Protocol by Ross Francis
Modified by Min-Ho Lee and Sudhir Nayak
Methanol fixation is quick, easy, and gives satisfactory nuclear morphology after DAPI staining. However, methanol-fixed gonads break easily and are more difficult to mount than formaldehyde-fixed gonads. Fix dissected gonads in 3 ml of cold (-20) methanol for 5 min. Using a pasteur pipette, transfer to a glass conical glass tube, add 2ml PBT and spin 1 min in a clinical benchtop centrifuge at setting 2. Remove the supernatant and wash 2x in several ml PBT. Fixed gonads can be stored in methanol at -20 for a week or two before use.
Gives better nuclear morphology and less shrinkage than MeOH fixation. Fix in 2 ml of 3% Formaldehyde/0.1 M K2HPO4 (pH 7.2) for 10 min to 1 hr. (More recently we have found that a 10 min fix gives better detection for a number of antibodies.) After fixation, transfer to a 5 ml glass conical tube (the more narrow the bottom is, the better), add a few mls of PBTw and spin 1 min in clinical benchtop centrifuge at setting 3. Remove super, wash 1x in PBT, and then post-fix in 2 ml of 100% Methanol (from -20 C stock) for 5 min. Fill tube with PBT, spin, remove super ( I usually leave about 200 ul), and transfer the worms into a small (6 mm X 35 mm) glass culture tube (siliconized, Kimax brand) . Alternatively, fixed gonads can be stored in MeOH at -20C for a few days. Storing in methanol for longer periods is possible, but subsequent staining seems of a lower quality and nuclear morphology degrades.

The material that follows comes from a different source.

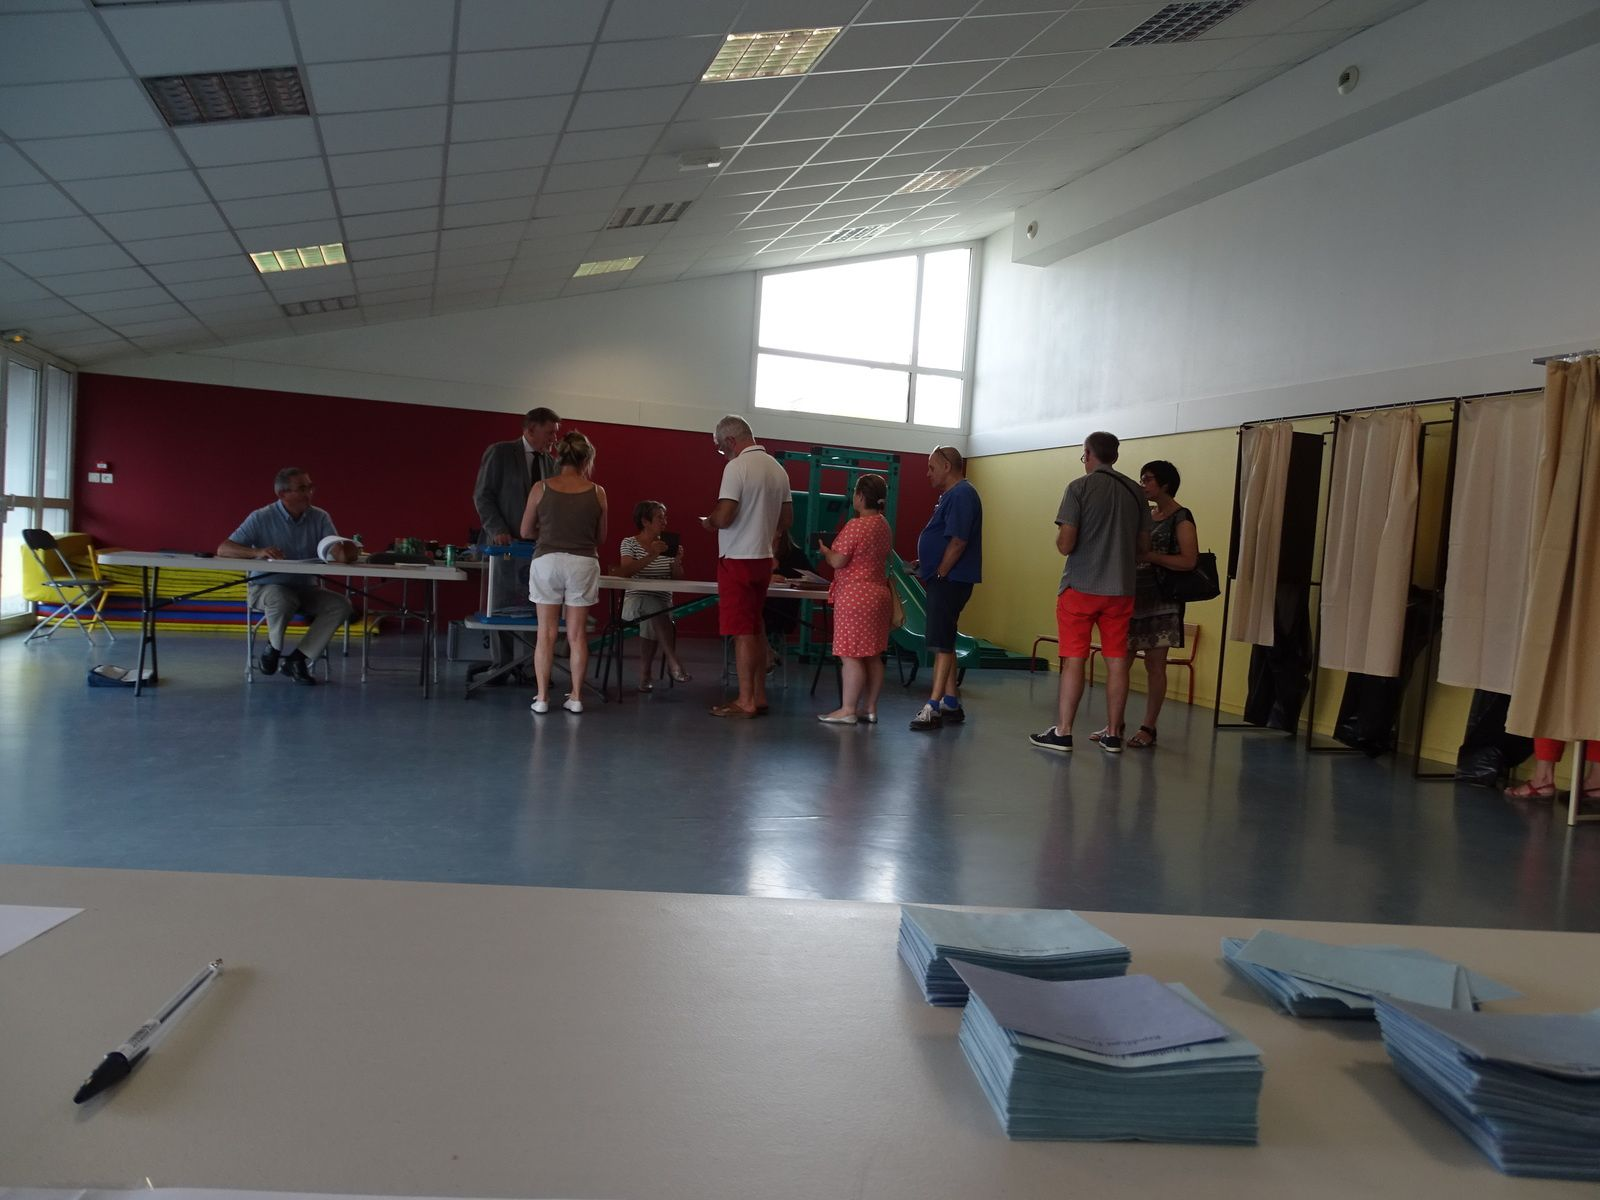 UN BUREAU DE VOTE AUX SABLES D'OLONNE, CE DIMANCHE 23 JUIN 2019 : DES CITOYENS HEUREUX D'ÊTRE CONSULTÉS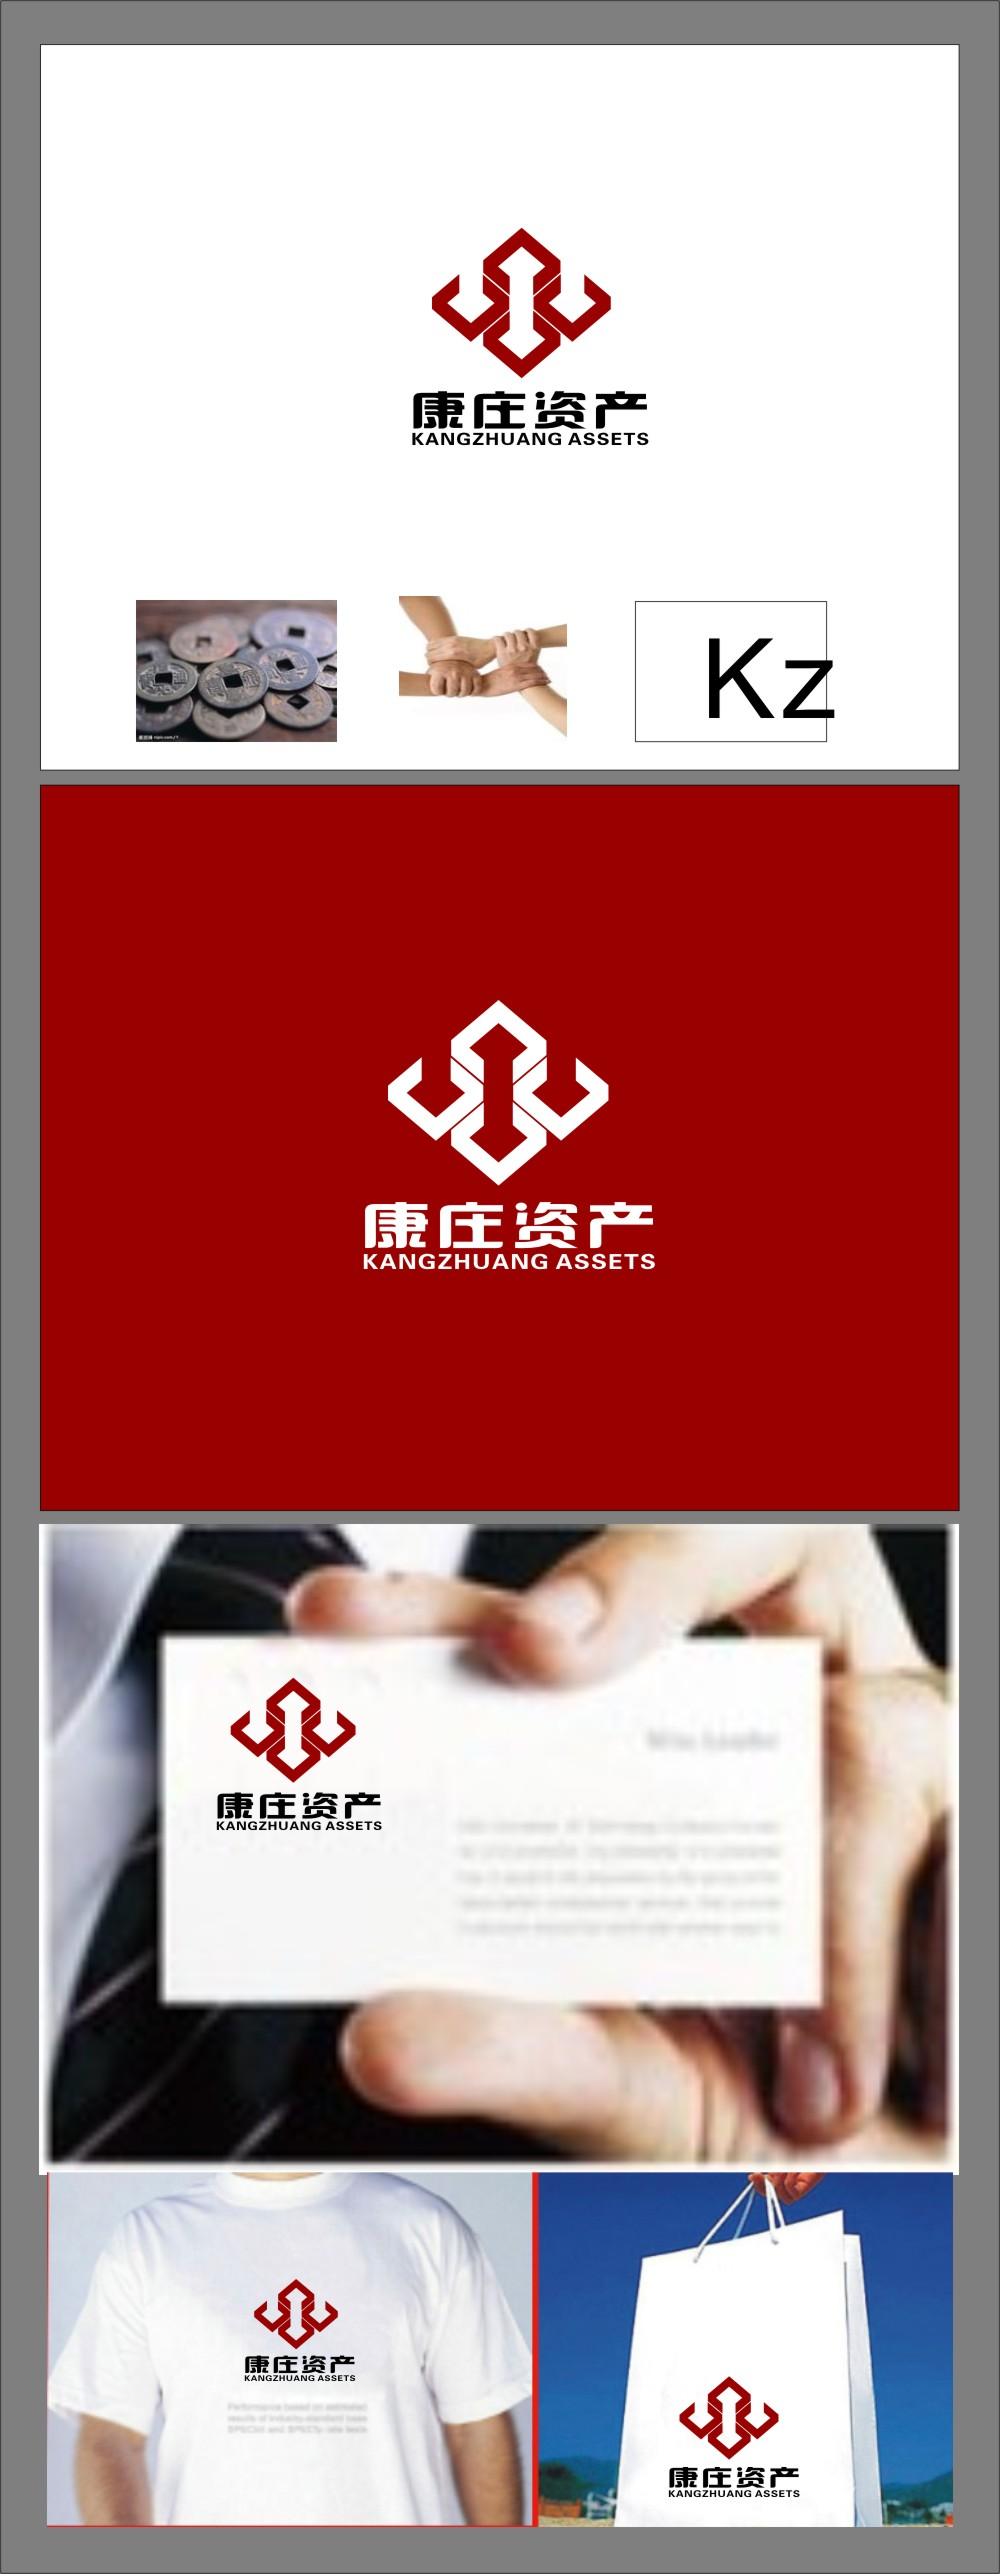 康庄资产管理公司标志设计logo及vi设计- 稿件[#2761362]

If you want to retain some native GFP signal a 10 min in 3% formaldehyde/0.1 M K2HPO4 (pH 7.2) can be used for dissected gonad arms (no methanol post-fix). Arms will be more fragile than with the longer fix so care should taken when transfering.
C. Methanol / Formaldehyde
This fixation protocol is fast and gives better DAPI-nuclear morphology than methanol by itself. To make the fixative, mix 10 mls of 16% formaldehyde, 3.3 mls of 0.1 M K2HPO4 (pH7.2), and 40 ml methanol. This solution is stored at -20 and is used as described for methanol (but increase fixation time to 10 min).
D. Glutaraldehyde / Formaldehyde
Glutaraldehyde / formaldehyde fixation works well for germline RNA in situs: gonads remain intact through extensive protease treatments (40 ug/ml Proteinase K for 30 min) that would destroy gonads fixed in formaldehyde alone. This fixation has also been used with good results with some antibodies. Mix 10 ml of 16% formaldehyde, 0.53 ml of 25% glutaraldehyde (EM grade), and 43 ml of 0.1 M K2HPO4 (pH 7.2). Store the fixative in 5-10 ml aliquots at -20¡C. Fix gonads for 2 hr at rom temperature with a 5 min MeOH post-fix (as described above for formaldehyde).
PBS: Sambrook et al. (Molecular Cloning).
PBT: PBS containing 0.1% Tween 20.
3% formaldehyde / 0.1 M K2HPO4 (pH7.2): Prepare from sealed ampoules of 16% EM grade formaldehyde (EM Sciences). Freeze any excess. This solution can also be made from paraformaldehyde powder.
Methanol: 100% stock kept at -20C.
NOTE: For fixation of whole animals the same protocols can be used.